▸ **ACTION ITEM**: Would you copy exactly the lines in the data below from the one that has "Energielabel Vreelanthof 17-A Utrecht" through the one that has "Elecwish white ceramic sink", dropping any pictures?

▸ **RECORDS FOR THE EXERCISE**:
******

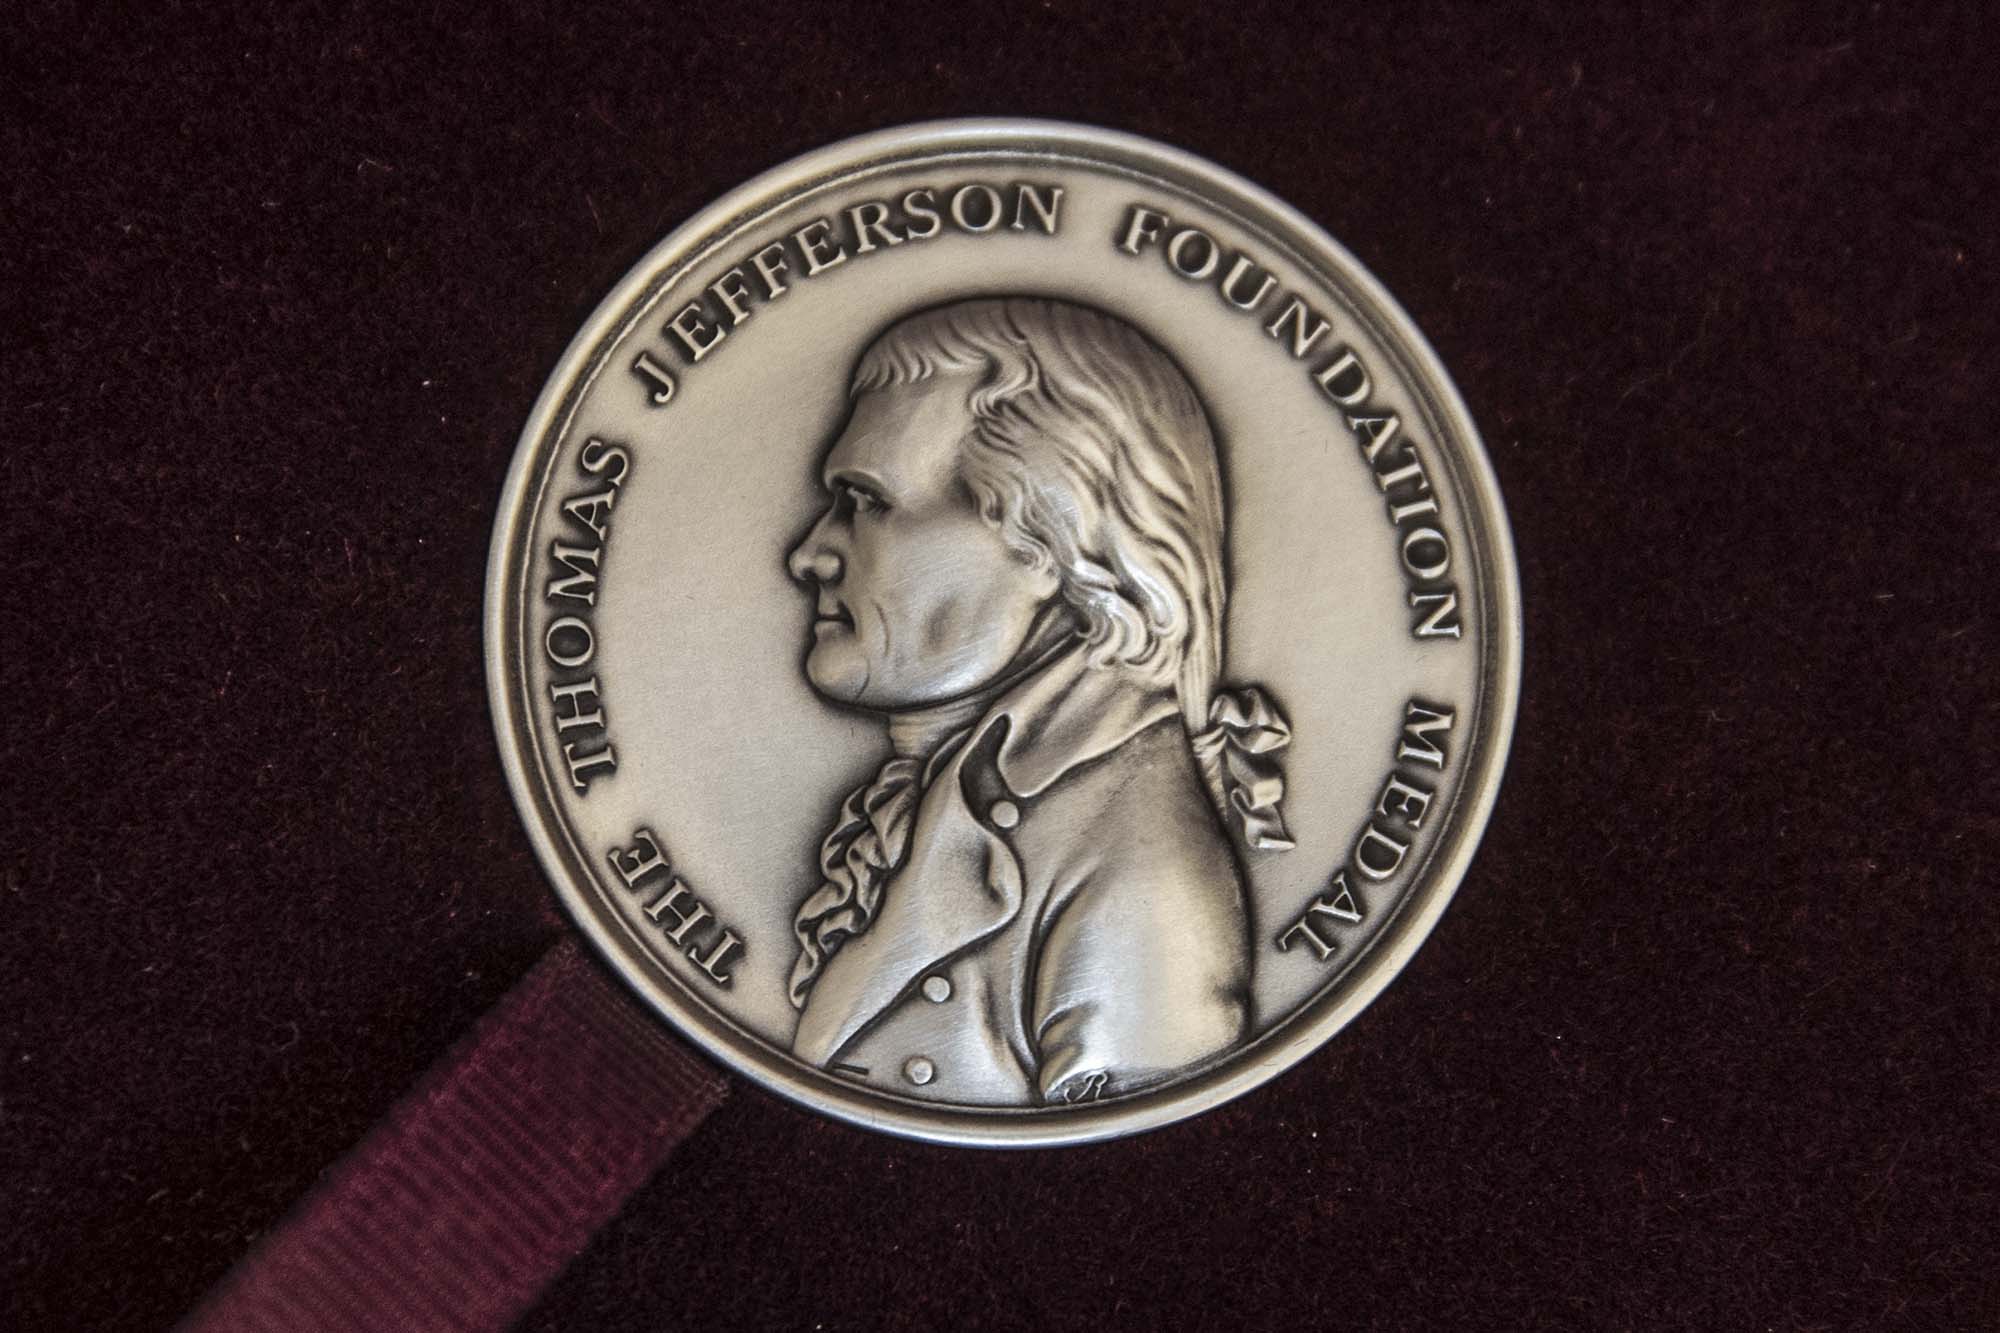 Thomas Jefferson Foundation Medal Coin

******

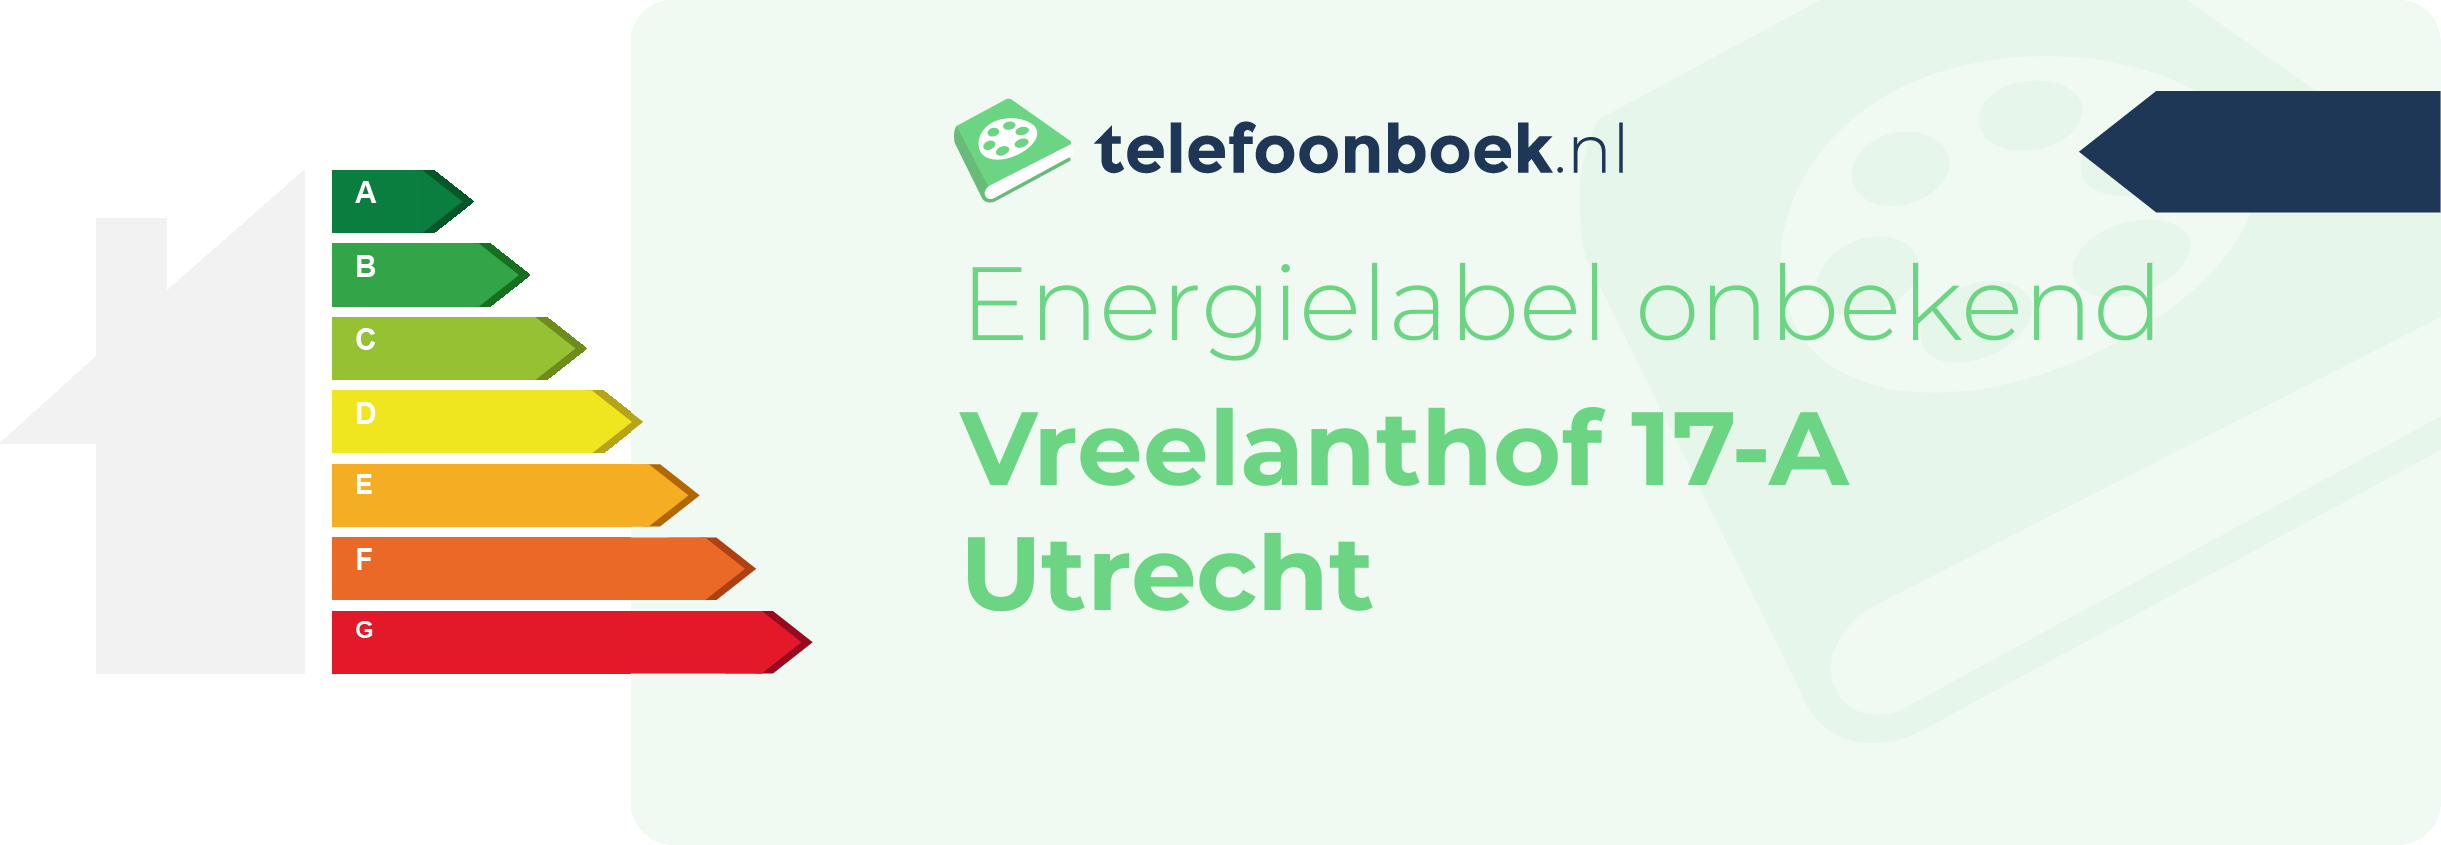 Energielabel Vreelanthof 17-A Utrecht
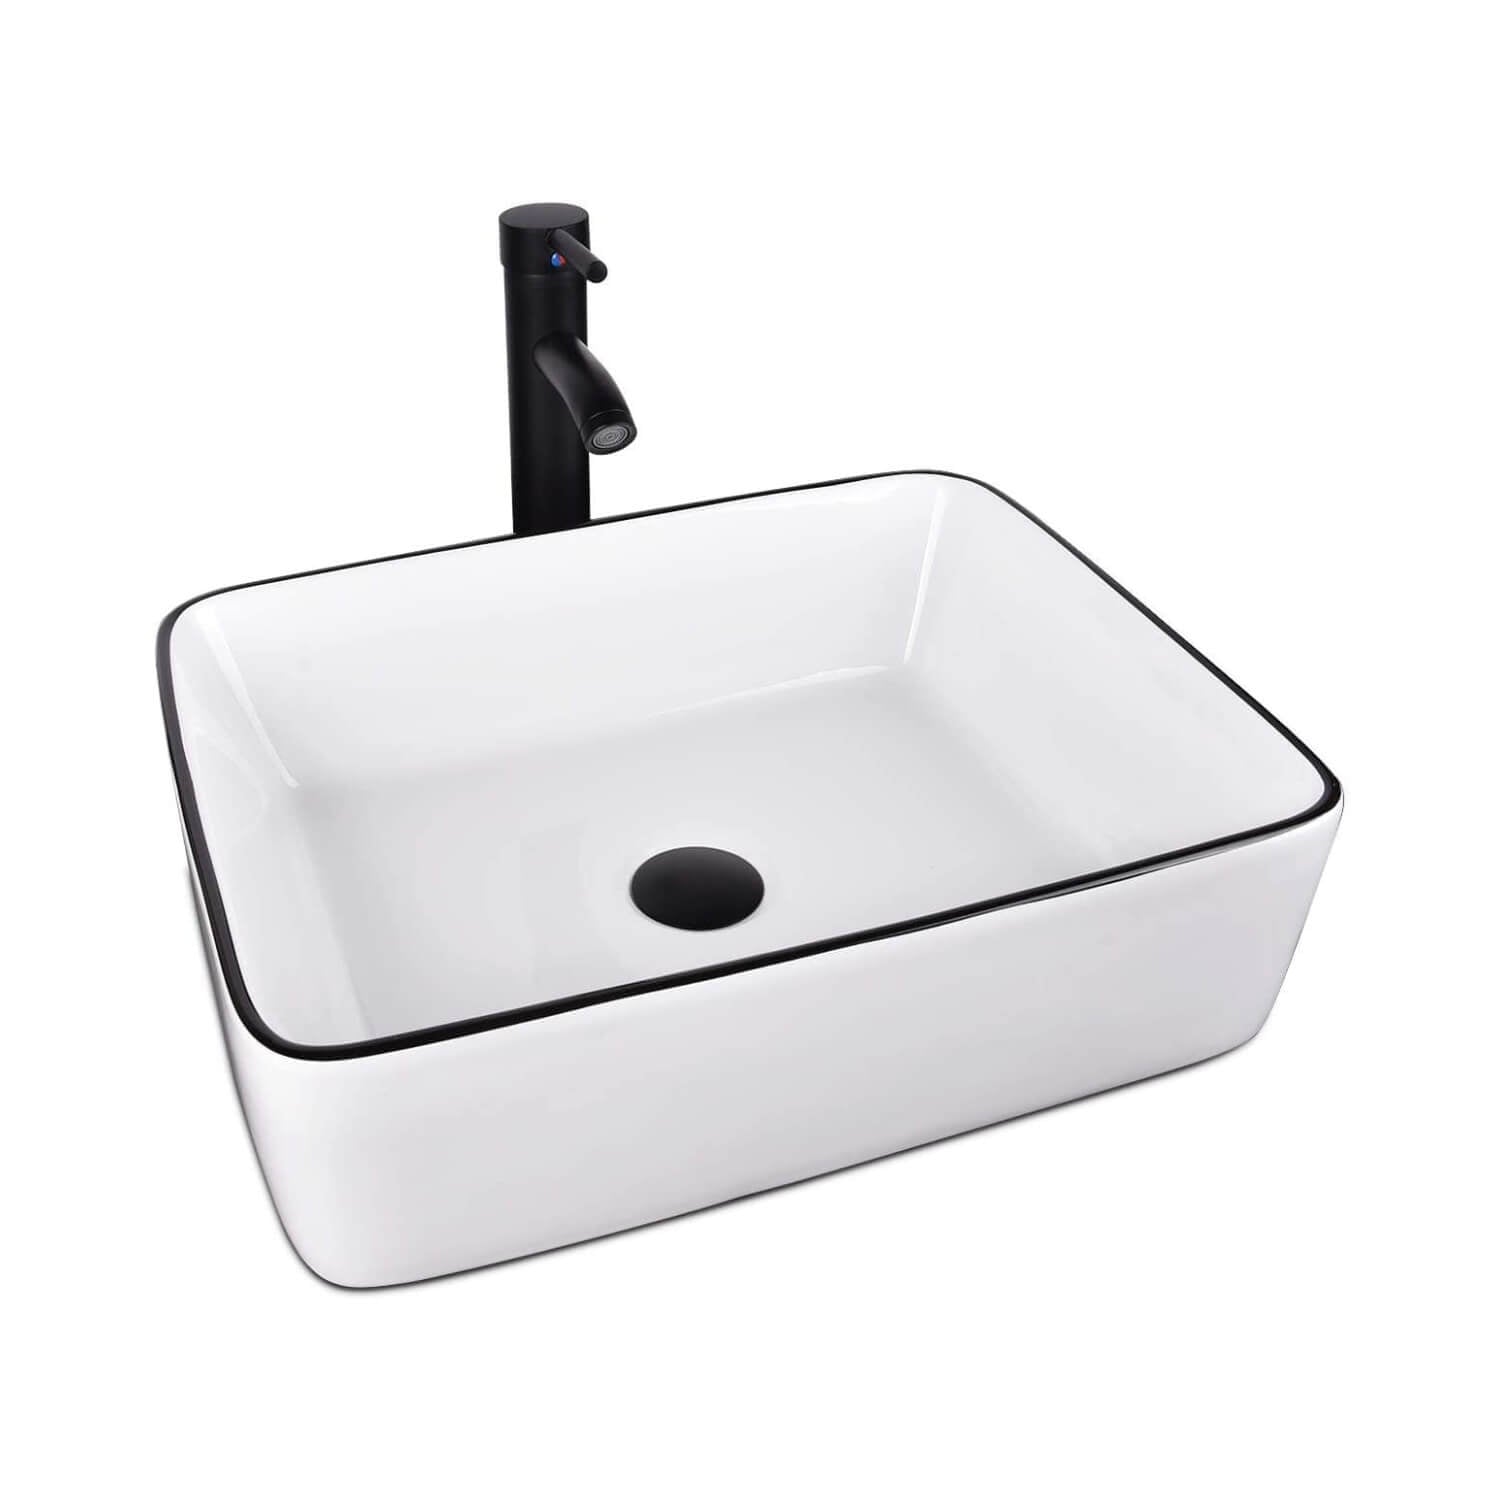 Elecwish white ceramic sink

******

▸ **RESULT FOR THIS TASK**:
 Energielabel Vreelanthof 17-A Utrecht
 Elecwish white ceramic sink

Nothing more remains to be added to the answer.